Takeaway: Thanks to GPU acceleration, we can now tune the hyperparameters in a complex pipeline to get a very good model in the time it would take to run a single cross-validation on the Google Colab CPU. More importantly, the training speed is fast enough to avoid disrupting the model development flow of the data scientist interactively editing the Google Colab notebook.
I recently had the pleasure of joining NVIDIA experts Andy Terrel, Sergey Maydanov, Ashwin Srinath, and Leo Fang for a technical deep dive into the CUDA Python roadmap and the adoption of the Python array API in scikit-learn.
We discussed topics like strategies for making GPU-accelerated computing more seamless and accessible for Python developers and data scientists.

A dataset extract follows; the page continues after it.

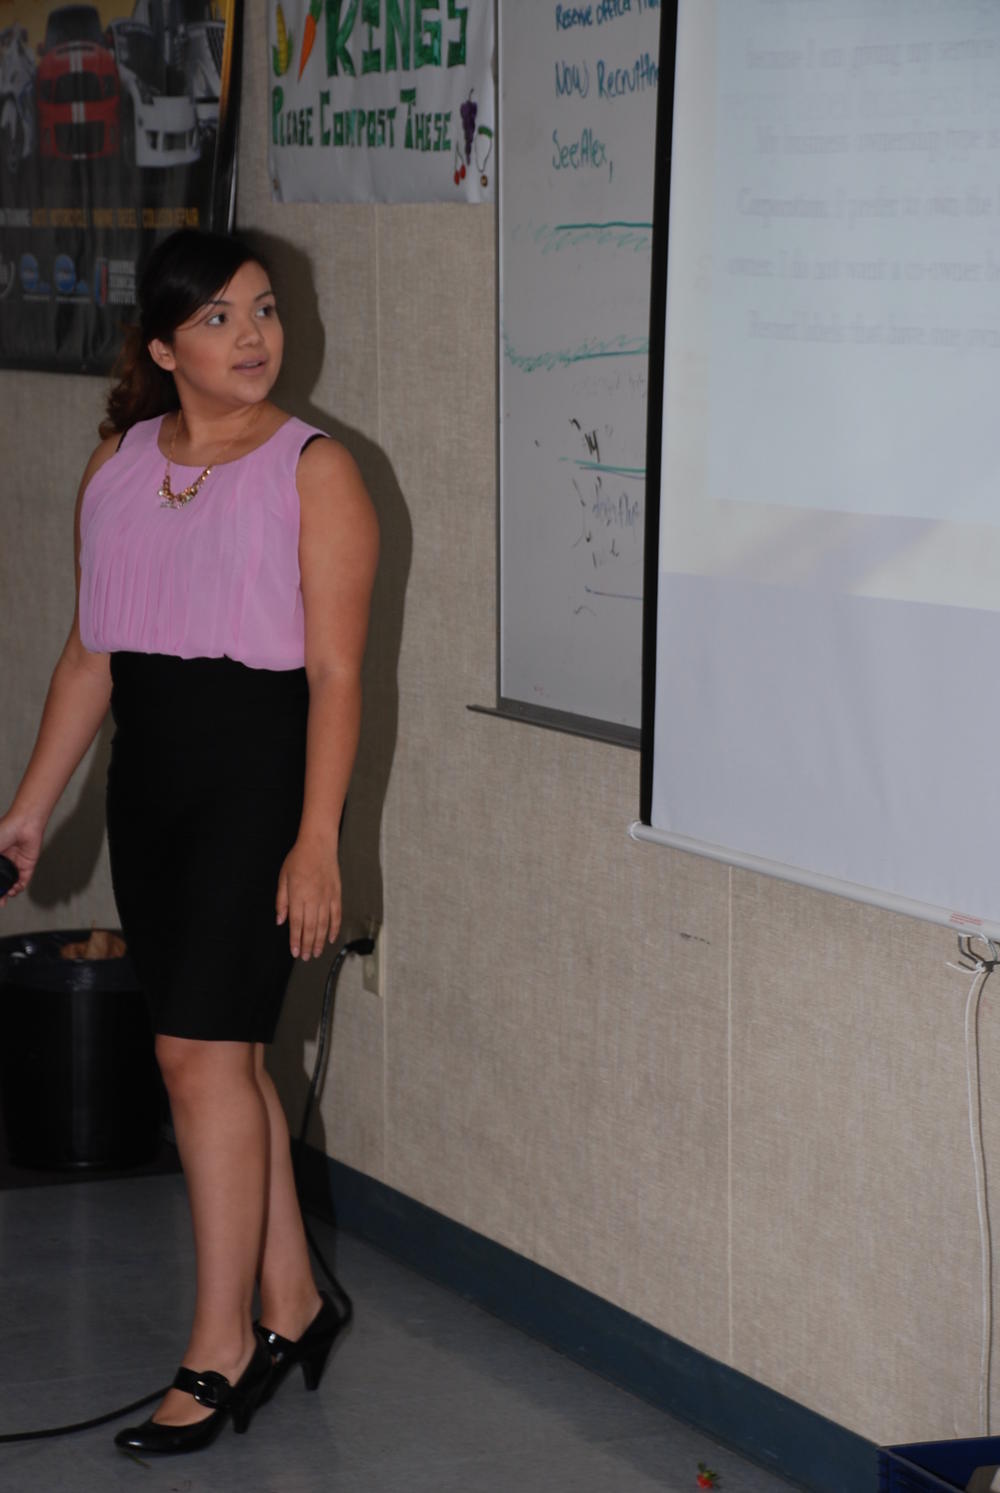 A woman giving a presentation

We had over 700 people tune in from all over the world. If you missed the live event, I encourage you to watch the replay to see the live demo and the array API in action.
By bridging the gap between the easy-to-use and familiar interface of Python libraries and the power of GPUs, we are lowering the barrier to entry for high-performance AI, making it a practical reality for enterprises of all sizes and skills.

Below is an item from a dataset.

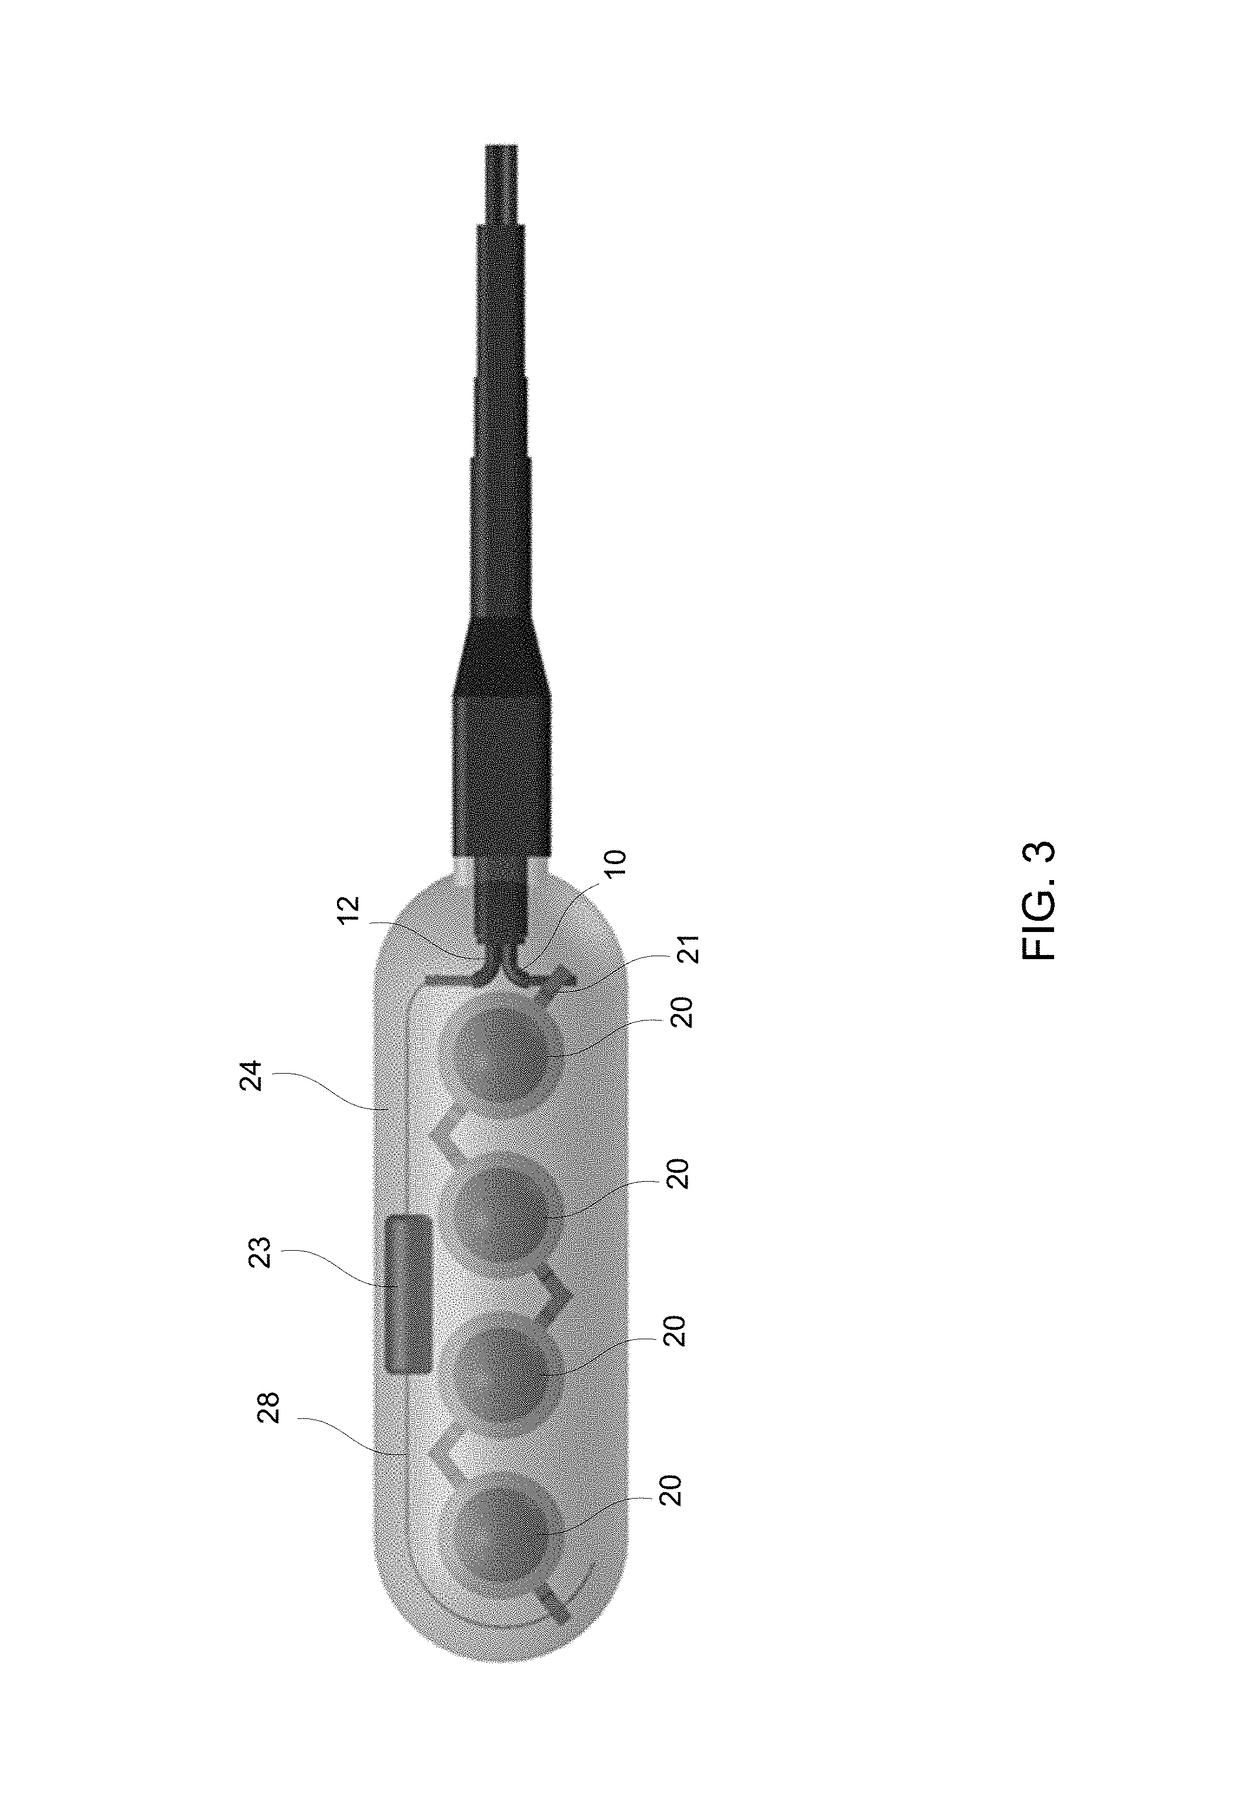 Magnetic light emitting diode (LED) lighting system

Gaël Varoquaux, our CSO, and Yann Lechelle, our Executive President, will be at NVIDIA GTC 2026 in San José next week. Don't be a stranger; connect with them there!
On March 17 (3:00 PM – 3:40 PM PDT / 11:00 PM - 11:40 PM CET), Gaël will be speaking on the "Accelerating Open Science: Incorporating CUDA Into the SciPy Ecosystem" panel. Gaël will discuss adopting CUDA in scikit-learn without sacrificing usability, portability, or community values alongside Leo Fang, Ianna Osborne, Travis Oliphant, and Katrina Riehl.
On March 18 (5:00 AM – 5:50 AM PDT / 1:00 PM - 1:50 PM CET), Yann will be speaking on the “Europe’s AI Launchpad: Unlock Startup Growth Through Sovereign AI Infrastructure [S81898]” panel. Yann will discuss dynamic AI compute landscape as well as public and private compute options for startups alongside Cedric Auliac, Pierre-Antoine Beaudoin, and Sadaf Alam.
Our efforts to adopt the array API is the result of a massive team effort. I want to extend my gratitude to the maintainers and contributors from Quansight, NVIDIA, and the community of scikit-learn core contributors. The work performed by Probabl and Quansight on scikit-learn and SciPy is supported by the NASA ROSES grant 80NSSC25K7215 "Ensuring a fast and secure core for scientific Python." This support is vital for maintaining the health of the open source ecosystem that the world’s scientific and industrial infrastructure relies upon.
[1] https://clickpy.clickhouse.com/dashboard/scikit-learn Please note that PyPI downloads are a proxy for adoption and should be taken with a grain of salt; they are not the only way to download a python library, and they may not accurately convey usage.